The implications of the decision for medical practice relating to HIV are manifold, but of wider concern is the way in which the prosecution was brought and critical evidence gained. This case of heterosexual transmission does not stand out in any significant aspect. Two individuals had casual sex. One lied about his sexual health. The other chose to ignore safe-sex advice and agreed to unprotected sex. A relationship developed that, from evidence given at the trial, included high-risk sexual practices. By consenting, the complainer must have known she increased her risk.
A second issue, of wider significance, arises from the the way in which evidence was collected. Although the basic facts were admitted, there remained a legal requirement for corroboration. This was addressed by the seizure of confidential medical and research records. The individuals concerned had contributed, in confidence, information and blood samples important for a research study performed during 1993-95 with a remit to determine the rate and extent of spread of HIV infection in a Scottish prison. The study, published in the British Medical Journal in 1997, established the scale of the prison outbreak and, by including the sample from the complainer, showed that the viral strain associated with the outbreak could be spread by sexual contact as well as by needles.
The samples and information obtained in the study were coded in a way that only the physicians directly responsible for the patients knew their identity. Outside the clinic, following normal practice, only codes were used to identify the participants. None of those involved - patients or research workers - could have imagined that confidentiality arrangements so carefully established could be completely ignored, such that those responsible for the research study became the unwilling contributors to the defendant's conviction.
When the prosecution was initiated in 1997, a warrant was issued permitting the seizure of materials considered by the detective sergeant to be relevant. The investigation started by identifying the doctors who saw the individuals concerned, and from their medical records obtained the codes used in the study. Then the scientific evidence was seized, allowing the information that established the similarity of the virus in the two individuals to be decoded.
It was convenient for the prosecution that the defendant had taken part in the study and that standard research practice involves the storage of such data for several years after the results are published, but this case has revealed that confidentiality agreements provide no legal protection in Scotland. What are the likely consequences for other medical studies?
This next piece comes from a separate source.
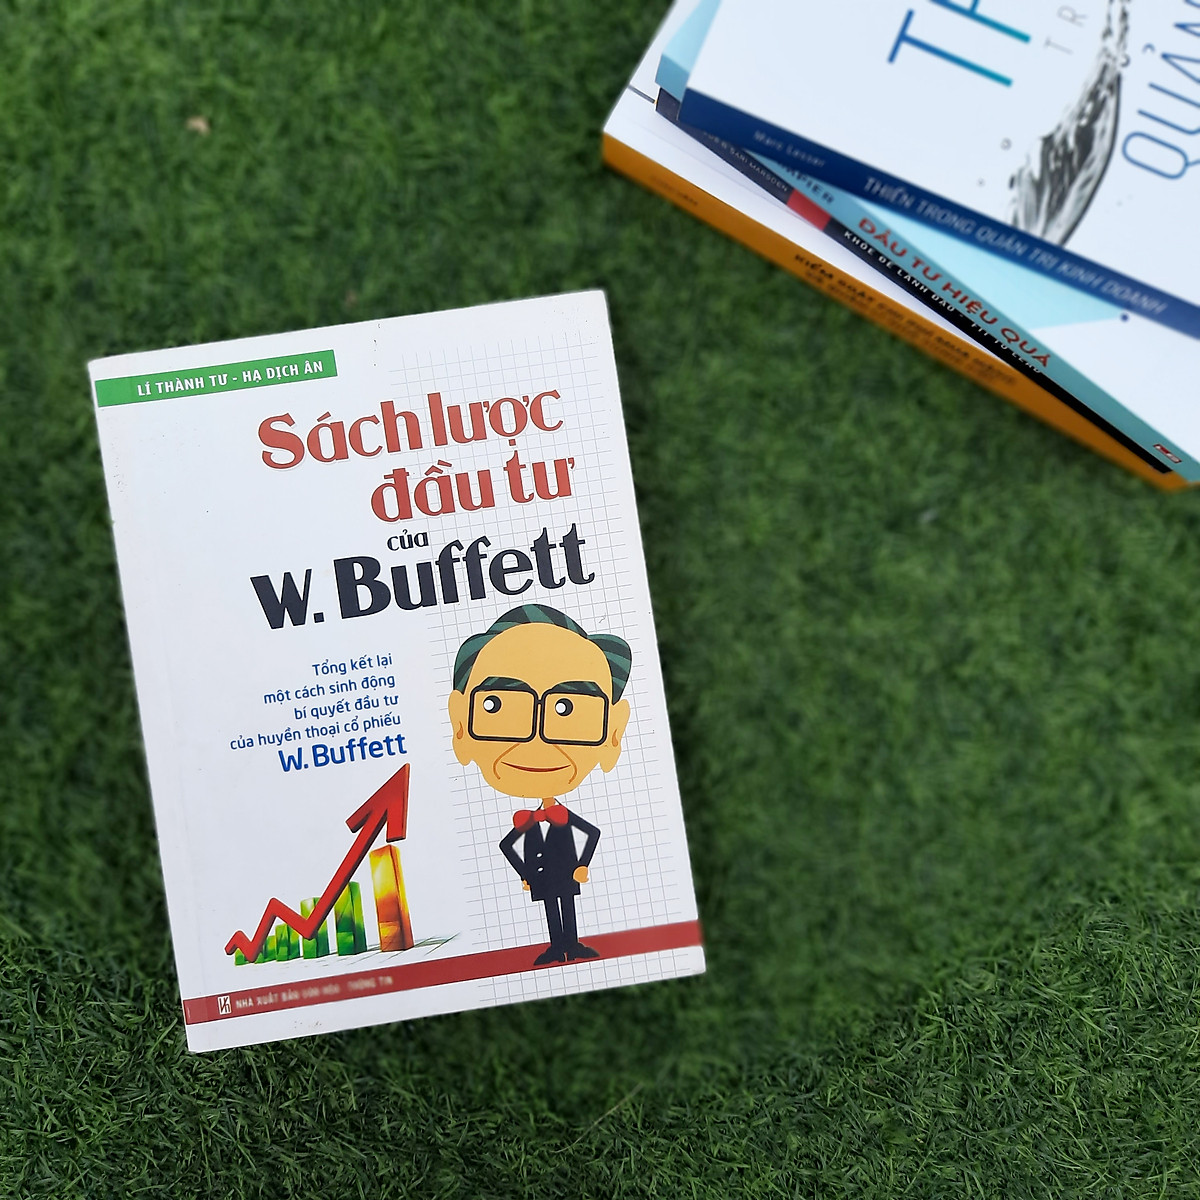 Sách: Combo Sách 5 Cuốn: Những Sát Thủ Hàng Loạt Trong Giới Tài Chính + Sách Lược Đầu Tư Của W.Buffett + Đầu Tư Hiệu Quả + Tư Duy Về Tiền Bạc + Đừng Để Tiền Ngủ Yên Trong Túi (Tái Bản)

Preventive efforts in HIV, like those used in other sexually transmitted diseases that involve contact tracing, clearly involve the possibility of self-incrimination, which must be rendered virtually impossible.
In this case, although the data were already available, the police were dissuaded from seizing the blood samples themselves only when their hazardous nature was explained. Now, it would seem to be unethical to perform similar studies of variation among HIV strains without explaining to the patients explicitly that if they participate and evidence that they have transmitted the infection is obtained, they are potentially liable for prosecution. This is not likely to encourage recruitment.
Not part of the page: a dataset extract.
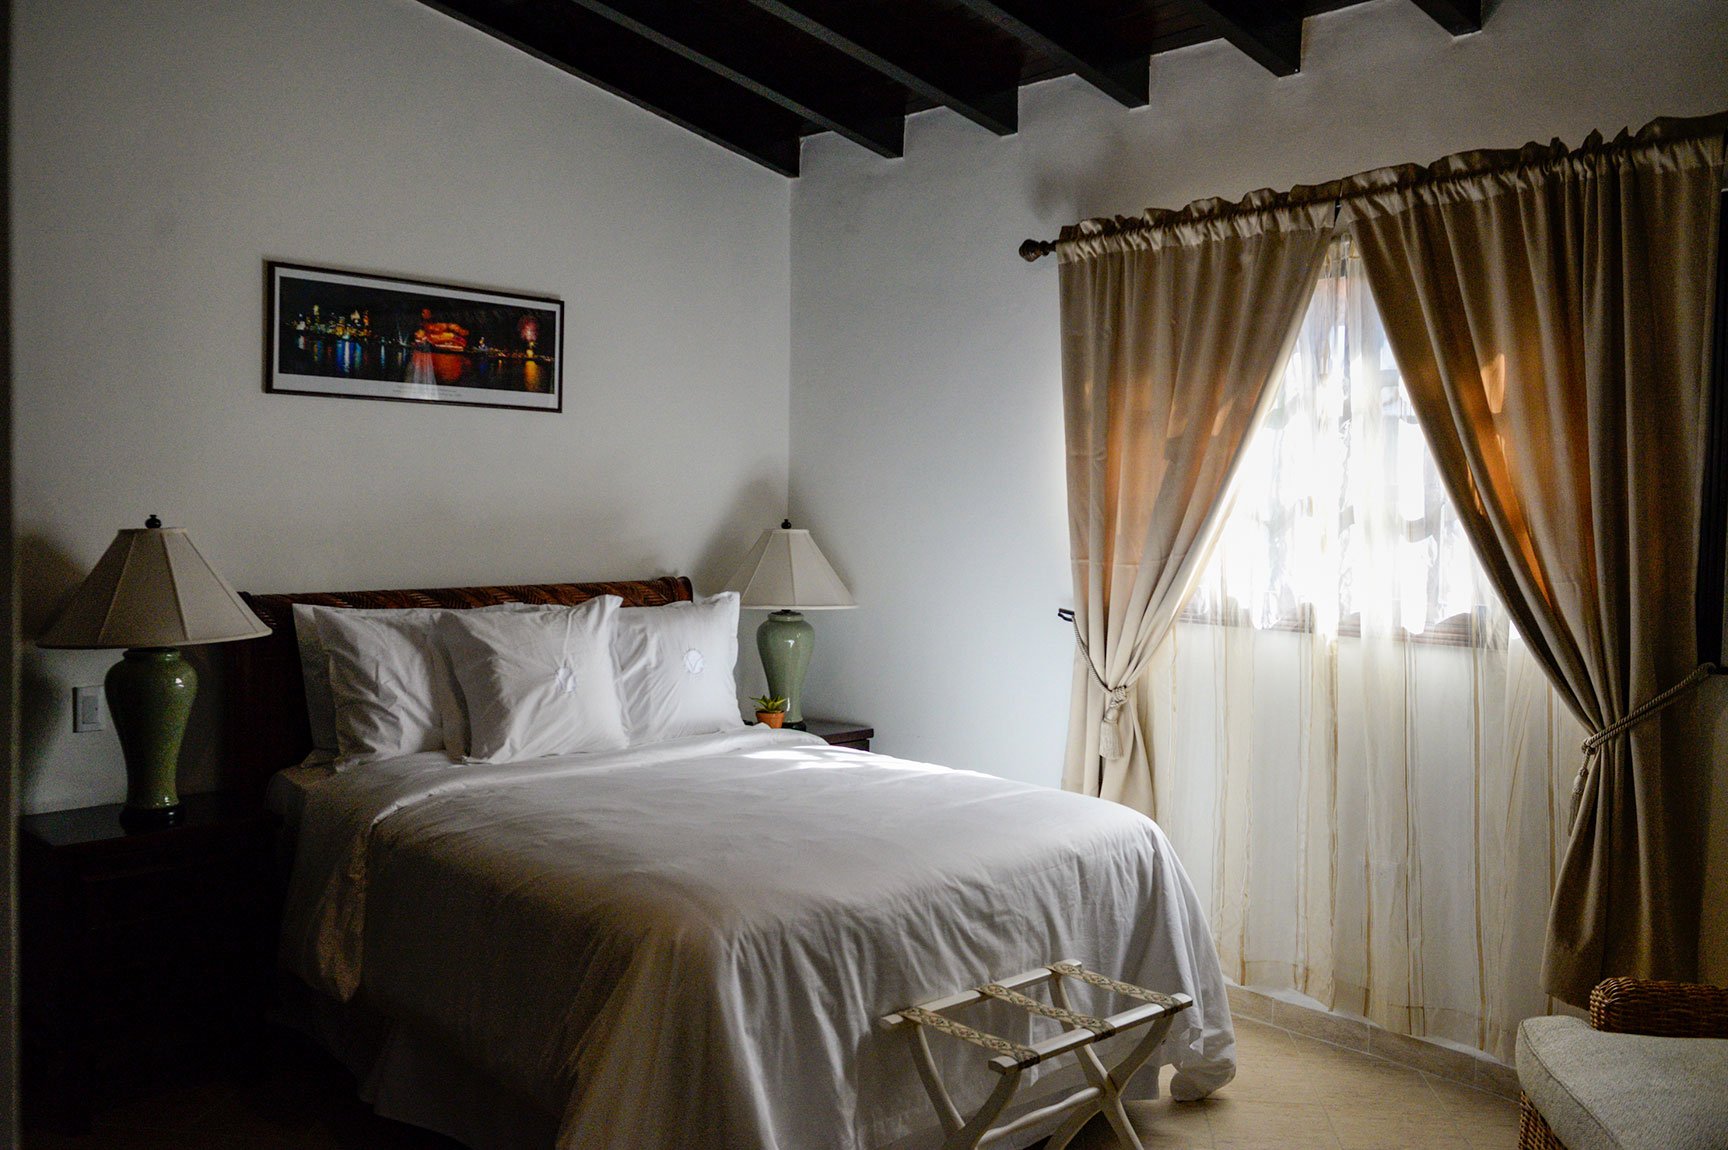 The 2nd Bedroom in the Villa at Vientos del Caribe

Beyond studies of viral infections, there are much wider implications because every human blood sample carries the genetic signature of the individual donating it. Huge comprehensive studies of genetic variation in the human population planned by the Medical Research Council and the Wellcome Trust will establish databases of large numbers of genetic variants using single nucleotide polymorphisms. Seizure of such information will provide a detailed genetic signature of an individual and could be used as forensic evidence.
These databases will have an important role to play in developing our understanding of human genetic variation and disease, but what will protect them from seizure by legal authorities? Confidentiality and consent agreements are becoming more formal, but they are still much less so in the United Kingdom than in the United States. Evidence obtained the way it was in this case would be inadmissible in a US court, and the US institutions responsible for the research also bear responsibility for preventing violation of confidentiality agreements, providing appropriate legal advice and action in court if necessary.
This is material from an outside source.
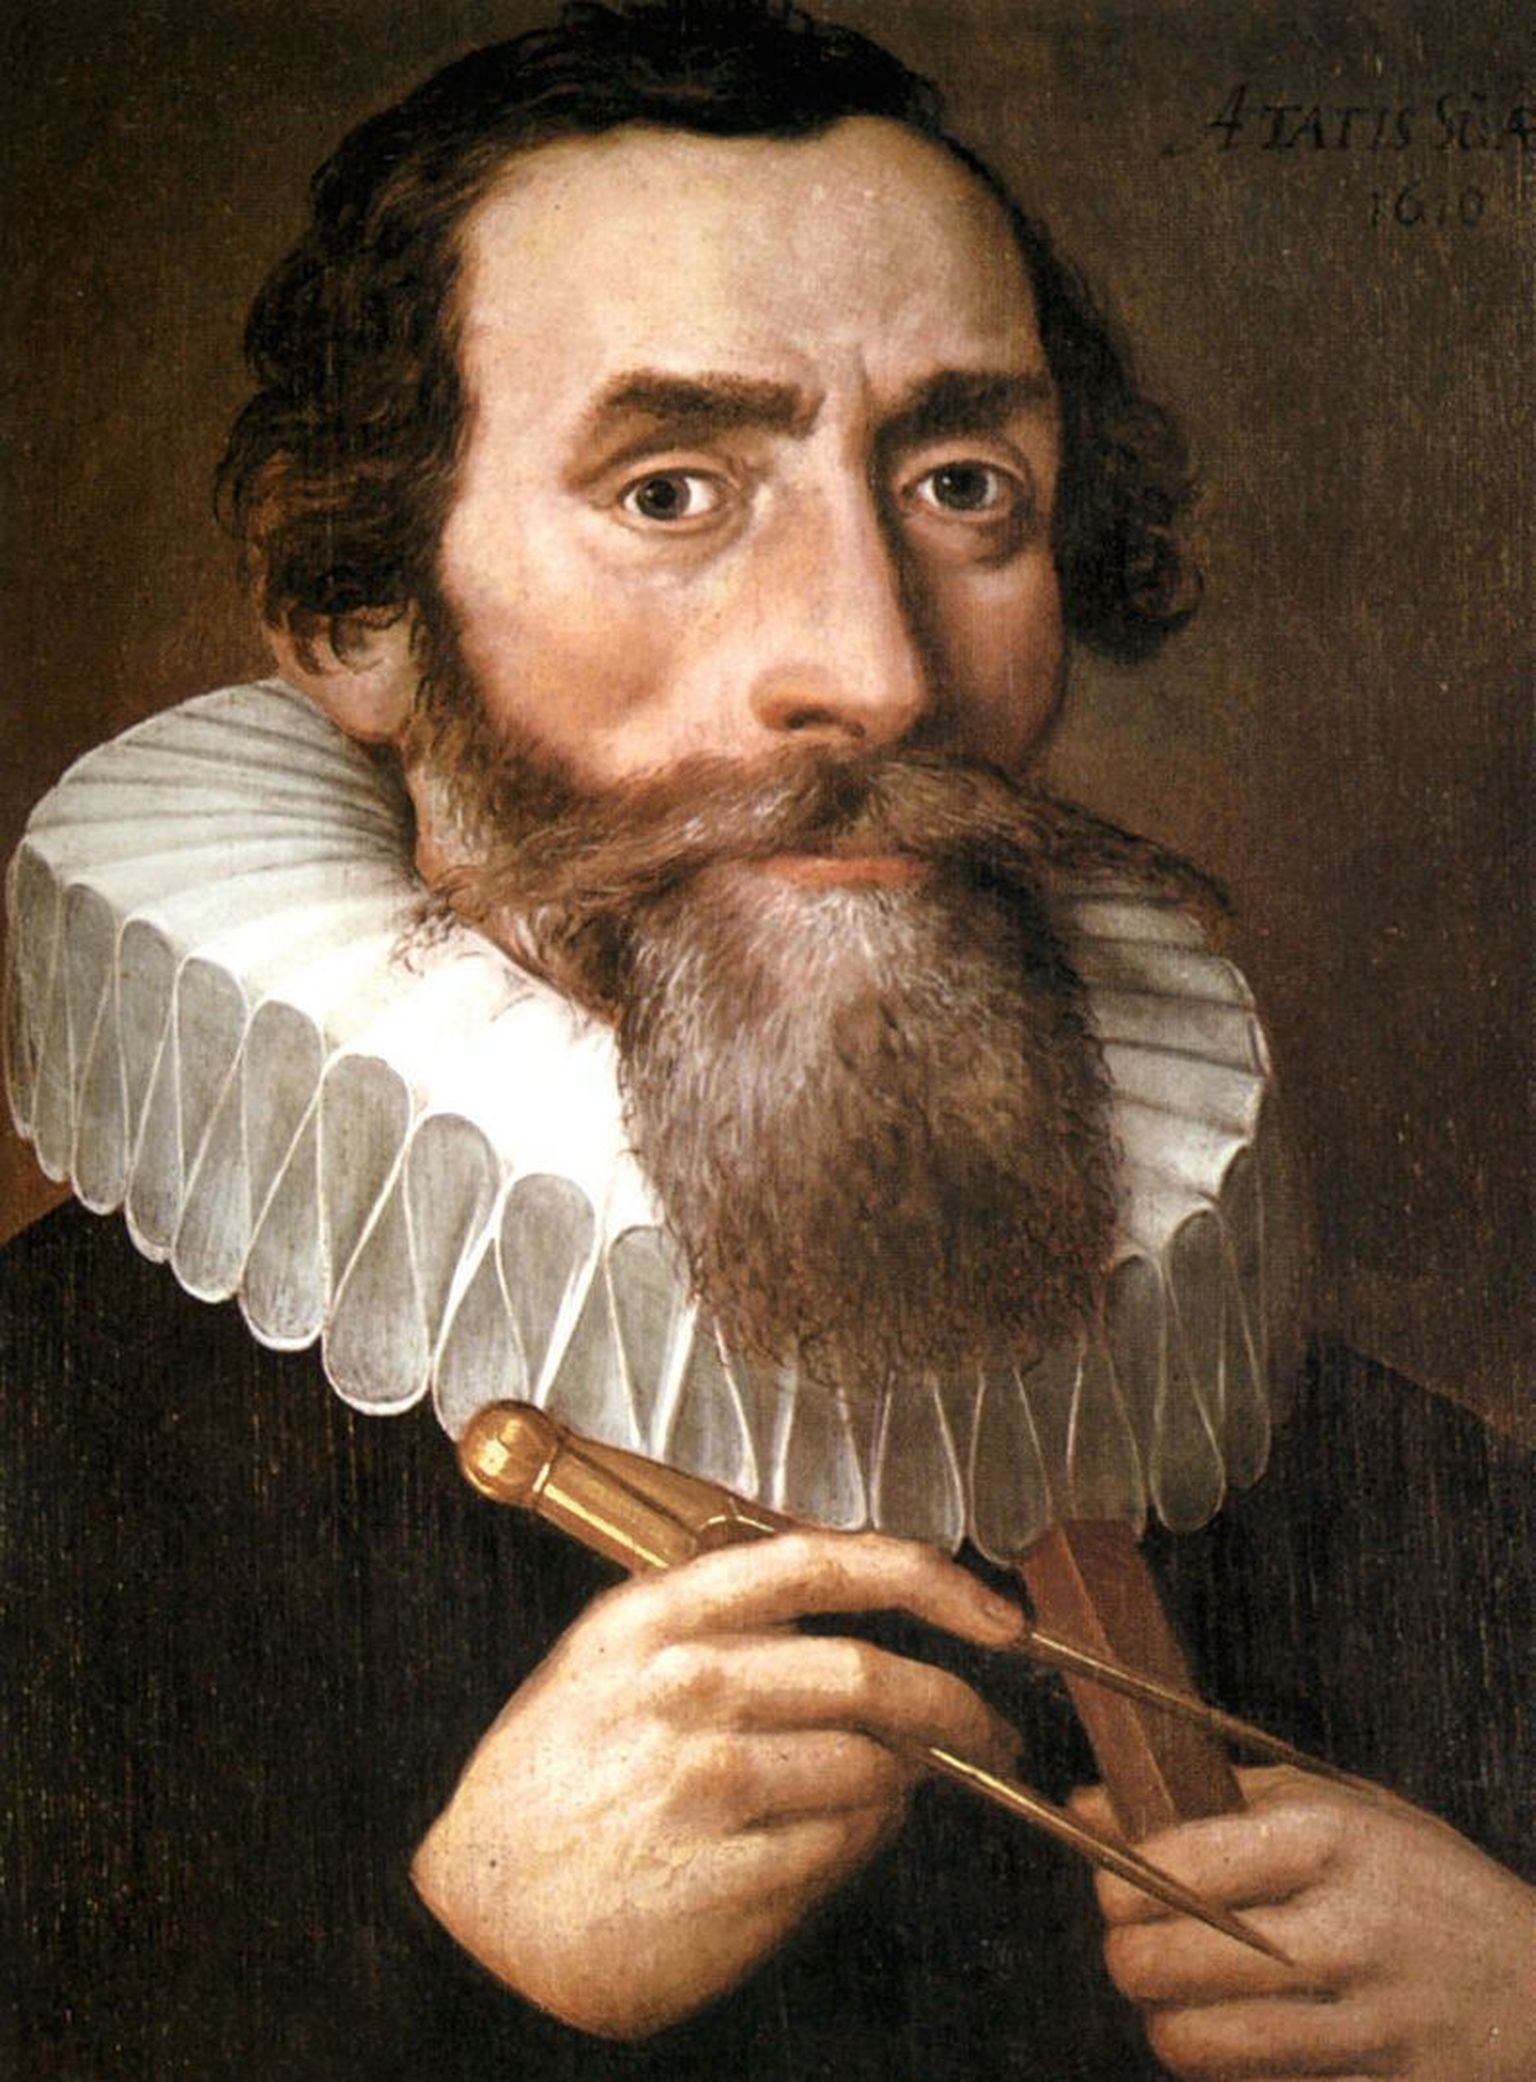 Johannes Keplerit kujutav maal aastast 1610

UK medical research is bound by the Helsinki declaration, in which the principle of confidentiality and "the right of research subjects to safeguard their integrity" are explicitly incorporated, as well as by the Data Protection Act. The law in both Scotland and England is also subject to the European Court, which might take a different view on confidentiality, although it does not appear likely that this will be taken forward as a test case. Thus, until we know why one case of HIV transmission out of many was chosen to establish this precedent, we cannot know how much of a threat this breach of confidentiality poses to current and proposed medical research studies. In view of the scale of existing and proposed studies, the need for clarification of the legal status of consent agreements and confidentiality in medical research is urgent.
Andrew J. Leigh Brown is professor at the University of Edinburgh and director of its Centre for HIV Research. He was responsible for part of the study referred to and was an expert witness at the trial.